_Action item:_ Nothing in the listing should differ in your copy; retype it all exactly.

_Data shown:_

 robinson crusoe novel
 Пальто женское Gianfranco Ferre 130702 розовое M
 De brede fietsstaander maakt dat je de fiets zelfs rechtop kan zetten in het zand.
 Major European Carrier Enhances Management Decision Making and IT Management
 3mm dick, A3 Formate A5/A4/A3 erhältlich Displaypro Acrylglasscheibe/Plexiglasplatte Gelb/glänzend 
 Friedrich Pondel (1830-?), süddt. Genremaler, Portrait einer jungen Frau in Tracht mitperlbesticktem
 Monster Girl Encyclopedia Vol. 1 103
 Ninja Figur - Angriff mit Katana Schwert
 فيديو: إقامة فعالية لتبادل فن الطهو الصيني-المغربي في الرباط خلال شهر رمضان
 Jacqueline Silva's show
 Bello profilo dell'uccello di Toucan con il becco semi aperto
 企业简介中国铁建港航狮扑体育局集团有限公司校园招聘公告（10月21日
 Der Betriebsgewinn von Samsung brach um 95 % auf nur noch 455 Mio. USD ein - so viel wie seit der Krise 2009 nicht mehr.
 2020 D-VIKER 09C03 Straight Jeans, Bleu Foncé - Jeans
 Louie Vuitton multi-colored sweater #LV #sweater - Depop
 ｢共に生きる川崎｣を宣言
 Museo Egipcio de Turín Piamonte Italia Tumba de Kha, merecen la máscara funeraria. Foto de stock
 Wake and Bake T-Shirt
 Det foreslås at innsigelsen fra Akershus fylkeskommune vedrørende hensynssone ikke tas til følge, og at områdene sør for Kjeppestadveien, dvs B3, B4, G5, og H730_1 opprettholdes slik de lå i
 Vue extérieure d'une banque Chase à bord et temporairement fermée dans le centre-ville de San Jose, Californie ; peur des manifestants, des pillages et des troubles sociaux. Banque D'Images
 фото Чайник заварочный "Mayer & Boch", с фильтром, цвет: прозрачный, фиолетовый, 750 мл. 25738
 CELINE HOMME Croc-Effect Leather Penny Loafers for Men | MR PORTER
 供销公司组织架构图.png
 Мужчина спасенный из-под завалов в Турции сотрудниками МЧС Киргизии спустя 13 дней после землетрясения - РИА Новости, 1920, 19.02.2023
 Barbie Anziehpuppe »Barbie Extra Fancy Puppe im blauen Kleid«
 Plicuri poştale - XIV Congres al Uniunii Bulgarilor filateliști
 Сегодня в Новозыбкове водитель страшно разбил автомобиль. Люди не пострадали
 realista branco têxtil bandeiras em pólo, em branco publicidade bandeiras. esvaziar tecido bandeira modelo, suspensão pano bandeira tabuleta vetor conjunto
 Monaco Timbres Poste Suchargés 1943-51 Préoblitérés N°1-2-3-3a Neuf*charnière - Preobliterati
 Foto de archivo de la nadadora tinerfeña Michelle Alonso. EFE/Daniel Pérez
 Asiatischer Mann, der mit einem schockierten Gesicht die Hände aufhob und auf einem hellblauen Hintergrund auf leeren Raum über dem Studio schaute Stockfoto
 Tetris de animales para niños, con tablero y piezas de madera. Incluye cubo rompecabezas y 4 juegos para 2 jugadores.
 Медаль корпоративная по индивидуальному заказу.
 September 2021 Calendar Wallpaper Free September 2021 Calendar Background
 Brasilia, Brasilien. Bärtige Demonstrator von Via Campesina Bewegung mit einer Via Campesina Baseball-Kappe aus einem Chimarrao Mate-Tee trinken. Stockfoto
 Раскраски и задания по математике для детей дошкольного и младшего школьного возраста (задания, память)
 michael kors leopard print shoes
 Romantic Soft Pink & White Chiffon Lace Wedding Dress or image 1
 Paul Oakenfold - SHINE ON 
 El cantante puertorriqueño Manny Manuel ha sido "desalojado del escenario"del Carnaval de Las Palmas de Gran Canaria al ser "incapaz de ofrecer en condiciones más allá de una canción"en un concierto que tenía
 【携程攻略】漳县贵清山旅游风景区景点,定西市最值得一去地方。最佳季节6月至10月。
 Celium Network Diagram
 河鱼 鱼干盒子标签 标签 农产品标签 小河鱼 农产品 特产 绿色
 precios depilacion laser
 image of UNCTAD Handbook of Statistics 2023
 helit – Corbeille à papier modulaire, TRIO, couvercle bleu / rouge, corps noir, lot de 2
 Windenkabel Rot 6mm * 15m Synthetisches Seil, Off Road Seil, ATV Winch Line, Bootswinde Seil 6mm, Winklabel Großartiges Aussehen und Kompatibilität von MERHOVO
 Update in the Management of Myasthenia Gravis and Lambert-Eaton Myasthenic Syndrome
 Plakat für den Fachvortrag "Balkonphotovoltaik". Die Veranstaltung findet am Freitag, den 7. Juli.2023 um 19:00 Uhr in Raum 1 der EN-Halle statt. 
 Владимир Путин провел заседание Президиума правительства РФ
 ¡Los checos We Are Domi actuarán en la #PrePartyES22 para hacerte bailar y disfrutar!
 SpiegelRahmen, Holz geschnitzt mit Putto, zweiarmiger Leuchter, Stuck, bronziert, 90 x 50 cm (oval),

_Response box:_
 robinson crusoe novel
 Пальто женское Gianfranco Ferre 130702 розовое M
 De brede fietsstaander maakt dat je de fiets zelfs rechtop kan zetten in het zand.
 Major European Carrier Enhances Management Decision Making and IT Management
 3mm dick, A3 Formate A5/A4/A3 erhältlich Displaypro Acrylglasscheibe/Plexiglasplatte Gelb/glänzend 
 Friedrich Pondel (1830-?), süddt. Genremaler, Portrait einer jungen Frau in Tracht mitperlbesticktem
 Monster Girl Encyclopedia Vol. 1 103
 Ninja Figur - Angriff mit Katana Schwert
 فيديو: إقامة فعالية لتبادل فن الطهو الصيني-المغربي في الرباط خلال شهر رمضان
 Jacqueline Silva's show
 Bello profilo dell'uccello di Toucan con il becco semi aperto
 企业简介中国铁建港航狮扑体育局集团有限公司校园招聘公告（10月21日
 Der Betriebsgewinn von Samsung brach um 95 % auf nur noch 455 Mio. USD ein - so viel wie seit der Krise 2009 nicht mehr.
 2020 D-VIKER 09C03 Straight Jeans, Bleu Foncé - Jeans
 Louie Vuitton multi-colored sweater #LV #sweater - Depop
 ｢共に生きる川崎｣を宣言
 Museo Egipcio de Turín Piamonte Italia Tumba de Kha, merecen la máscara funeraria. Foto de stock
 Wake and Bake T-Shirt
 Det foreslås at innsigelsen fra Akershus fylkeskommune vedrørende hensynssone ikke tas til følge, og at områdene sør for Kjeppestadveien, dvs B3, B4, G5, og H730_1 opprettholdes slik de lå i
 Vue extérieure d'une banque Chase à bord et temporairement fermée dans le centre-ville de San Jose, Californie ; peur des manifestants, des pillages et des troubles sociaux. Banque D'Images
 фото Чайник заварочный "Mayer & Boch", с фильтром, цвет: прозрачный, фиолетовый, 750 мл. 25738
 CELINE HOMME Croc-Effect Leather Penny Loafers for Men | MR PORTER
 供销公司组织架构图.png
 Мужчина спасенный из-под завалов в Турции сотрудниками МЧС Киргизии спустя 13 дней после землетрясения - РИА Новости, 1920, 19.02.2023
 Barbie Anziehpuppe »Barbie Extra Fancy Puppe im blauen Kleid«
 Plicuri poştale - XIV Congres al Uniunii Bulgarilor filateliști
 Сегодня в Новозыбкове водитель страшно разбил автомобиль. Люди не пострадали
 realista branco têxtil bandeiras em pólo, em branco publicidade bandeiras. esvaziar tecido bandeira modelo, suspensão pano bandeira tabuleta vetor conjunto
 Monaco Timbres Poste Suchargés 1943-51 Préoblitérés N°1-2-3-3a Neuf*charnière - Preobliterati
 Foto de archivo de la nadadora tinerfeña Michelle Alonso. EFE/Daniel Pérez
 Asiatischer Mann, der mit einem schockierten Gesicht die Hände aufhob und auf einem hellblauen Hintergrund auf leeren Raum über dem Studio schaute Stockfoto
 Tetris de animales para niños, con tablero y piezas de madera. Incluye cubo rompecabezas y 4 juegos para 2 jugadores.
 Медаль корпоративная по индивидуальному заказу.
 September 2021 Calendar Wallpaper Free September 2021 Calendar Background
 Brasilia, Brasilien. Bärtige Demonstrator von Via Campesina Bewegung mit einer Via Campesina Baseball-Kappe aus einem Chimarrao Mate-Tee trinken. Stockfoto
 Раскраски и задания по математике для детей дошкольного и младшего школьного возраста (задания, память)
 michael kors leopard print shoes
 Romantic Soft Pink & White Chiffon Lace Wedding Dress or image 1
 Paul Oakenfold - SHINE ON 
 El cantante puertorriqueño Manny Manuel ha sido "desalojado del escenario"del Carnaval de Las Palmas de Gran Canaria al ser "incapaz de ofrecer en condiciones más allá de una canción"en un concierto que tenía
 【携程攻略】漳县贵清山旅游风景区景点,定西市最值得一去地方。最佳季节6月至10月。
 Celium Network Diagram
 河鱼 鱼干盒子标签 标签 农产品标签 小河鱼 农产品 特产 绿色
 precios depilacion laser
 image of UNCTAD Handbook of Statistics 2023
 helit – Corbeille à papier modulaire, TRIO, couvercle bleu / rouge, corps noir, lot de 2
 Windenkabel Rot 6mm * 15m Synthetisches Seil, Off Road Seil, ATV Winch Line, Bootswinde Seil 6mm, Winklabel Großartiges Aussehen und Kompatibilität von MERHOVO
 Update in the Management of Myasthenia Gravis and Lambert-Eaton Myasthenic Syndrome
 Plakat für den Fachvortrag "Balkonphotovoltaik". Die Veranstaltung findet am Freitag, den 7. Juli.2023 um 19:00 Uhr in Raum 1 der EN-Halle statt. 
 Владимир Путин провел заседание Президиума правительства РФ
 ¡Los checos We Are Domi actuarán en la #PrePartyES22 para hacerte bailar y disfrutar!
 SpiegelRahmen, Holz geschnitzt mit Putto, zweiarmiger Leuchter, Stuck, bronziert, 90 x 50 cm (oval),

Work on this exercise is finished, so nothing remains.